REITS and Property: On a related point if high street gets demolished then we will need a lot more warehouse and logistics centres but not much in the way of retail malls.
Energy: Two stylized facts about energy generation have held for some time. One is that the bigger you go the lower your capital costs and cash costs. The second is that coal (and high carbon emissions) are cheapest and best. TMM think this is unraveling fast, firstly due to super-efficient combined cycle gas turbines but perhaps even more so due to the efforts of Bloom Energy. Solar is getting a nice run based upon how cheap it is getting but distributed and scalable gas generation from solid oxide fuel cells is getting pretty silly cheap too.
This poses another really tricky question: if you look at retail power prices for most places the $/kWh bakes in a lot of maintenance capital expenditure on power lines, cables etc. But what happens when power usage starts to go off a cliff because major point users of power go for their own production on site?

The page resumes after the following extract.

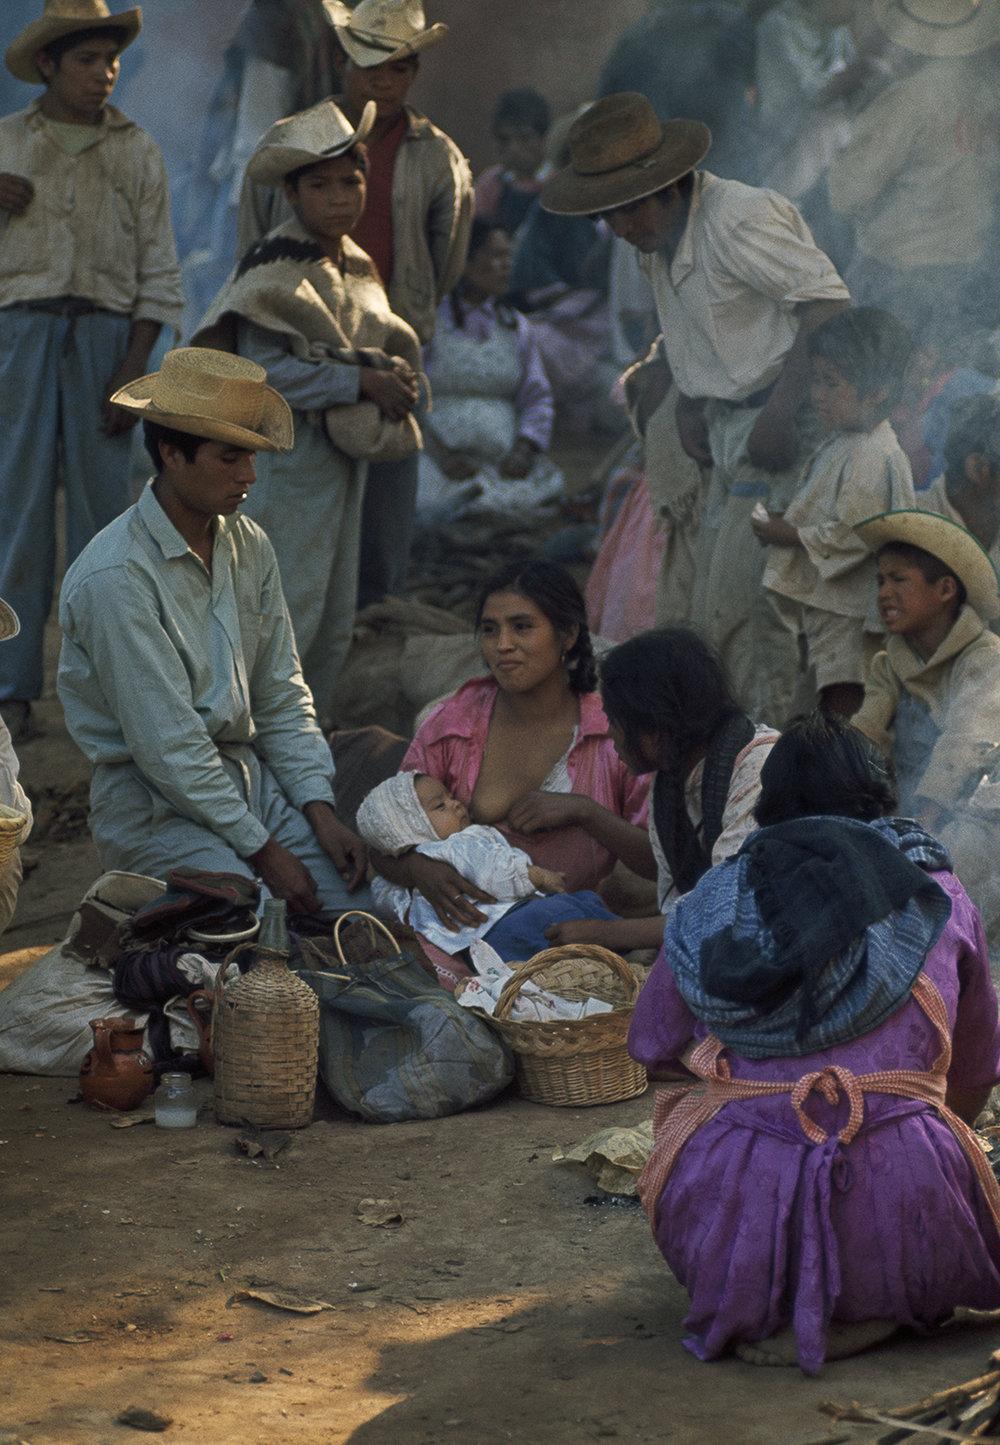 Valle de Bravo, Estado de México, 1967

Well, you get the Bloomberg subscription model problem: as people get fired, you have ot charge more per subscription to get cover your fixed costs. And that to TMM makes grid companies and the conventional grid sound like things that could be due for a major shakeup. Utilities as defensive? TMM are not so sure in the longer term, and it’s that kind of “she’ll be right mate” complacency that is the source of the worst portfolio management accidents.
Finance: If everything gets moved onto exchanges by regulators, what would Interactivebrokers not be able to do better than most investment banks? Indeed.